Сколько писателей воображало, что они воздвигли себе памятник! Гораций, Шекспир или Пушкин упоминаются в связи с этим лишь потому, что их памятники выстояли. Статуи других опрокинуты, погребены под землей. Но всех их вдохновляла та же вера.
— Почему? — спросила она вслух.
— Ты имеешь в виду название проекта? — спросил Витторио, не понимая. — «Дж.» — от Джованны. Джованна, почему ты плачешь?
— Я не плачу, — сказала Джованна.
Фотограф невидимого
Пожалуй, эта история никогда не увидела бы света, если бы в одно прекрасное утро один вконец отчаявшийся человечек не проснулся с мыслью, что он должен, во что бы то ни стало должен сделать совершенно необычную фотографию. По правде сказать, эта мысль была подсказана ему главным редактором журнала «Семана илюстрада»,[2] не преминувшим и на вчерашнем заседании подчеркнуть банальность снимков, которыми человечек неутомимо снабжал страницы журнала. Все взгляды устремились к нему, и он тщетно пытался спрятать свои усы за широкими плечами редактора спортивного отдела.

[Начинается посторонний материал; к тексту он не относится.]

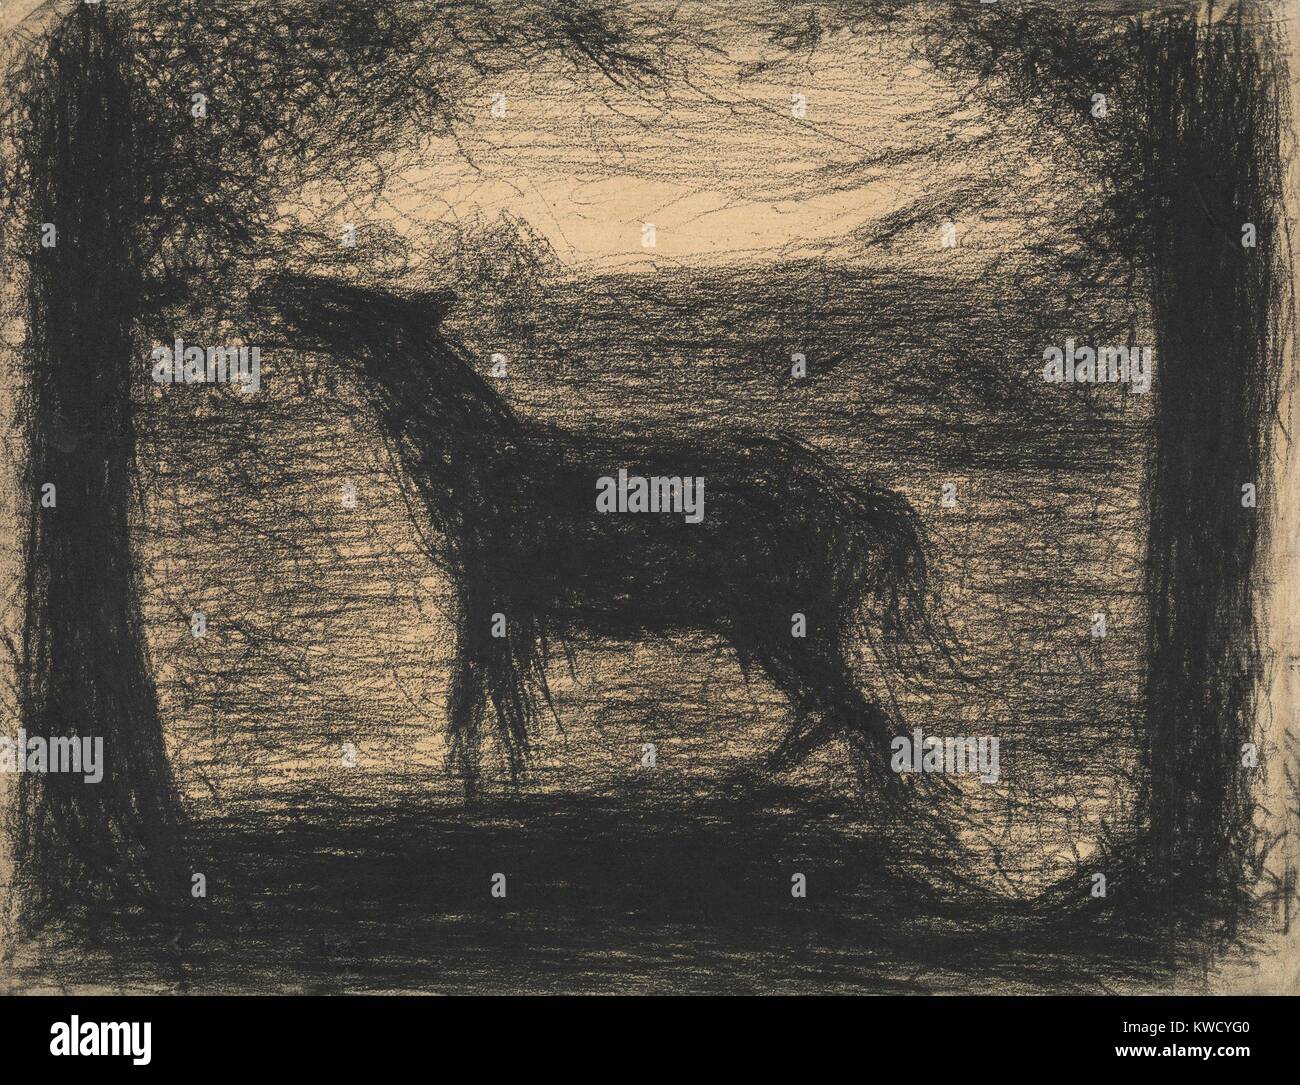 Fohlen (Colt) , von Georges Seurat, 1882-83, French Post-Impressionist Zeichnung, Conte crayon. Linien erstellen und aktive Fläche mit einem Tiere und Bäume Silhouette gegen ein allgemeines Landschaft (BSLOC 2017 5 86) Stockfoto

— Нечего прятаться, гордость нашей фотографии! — прошипел главный редактор. — Если вы и завтра не принесете с карнавала приличных фотографий…
В зале воцарилась многозначительная тишина, но фотограф не слышал продолжения страшного ультиматума: обхватив руками голову и упершись локтями в колени, он, казалось, погрузился в скорбное созерцание бездонной пропасти отчаяния, разверзавшейся прямо у ножек его стула. Заседание шло своим ходом, редакторы обменивались предложениями, просматривая содержание праздничного номера, а он думал о фотографиях, которые должен будет сделать завтра, и, как обычно, проклинал свое имя, уверенный, что все его несчастья проистекают из составляющих это имя слогов, раз и навсегда запечатлевших его судьбу.
Он признавал, что старик Мигуэль Оргульо[3] был горделивым человеком, — подлинным олицетворением своего имени. Даже выполняя свои скромные обязанности служащего отдела записей гражданского состояния, он с таким величественным видом заносил в регистры имена младенцев, рождавшихся в городке О… (куда он был назначен), что у людей складывалось впечатление, будто импозантный служащий не просто констатирует факт появления на свет младенца мужского или женского пола, но и решает — с должной серьезностью и на всю жизнь — его судьбу. Смертные случаи, имевшие место в городке О…, не приписывались больше хрупкости человеческого сложения, а связывались с приговором судьбы, ретроспективно провозглашаемым человеком, олицетворяющим собой всех трех парок. Сидя за столом с непроницаемым видом, дон Мигуэль священнодействовал. Его пальцы со вздувшимися суставами, выпачканные в чернилах и пожелтевшие от табака, держали перо над неопровержимыми документами, раз и навсегда утверждая вступление в жизнь или выход из нее, а его печать накладывала последнюю резолюцию на не подлежащее пересмотру решение. Неподкупный, как судьба, он вносил порядок в хаос. Буквы, выписанные его каллиграфическим почеркрм, вызывали радость или горе в далеких ему кругах, которые он не посещал и посещать не стремился: на его долю выпала роль судьи, и он боялся, что, если будет знать своих сограждан, то его симпатии или антипатии смогут повлиять на его решения. Обреченный на одиночество, одетый в любое время года в тот же черный люстриновый костюм, дон Мигуэль медленно проходил по улицам городка, строго отвечая на приветствия сограждан. Он никогда не здоровался первым. Дети убегали от него, старухи смотрели на него с ужасом. А однажды какая-то старая женщина, увидев, как он, высокий и черный, выходит из-за угла церкви, даже упала перед ним на колени. Потом она призналась, что приняла его за ангела смерти.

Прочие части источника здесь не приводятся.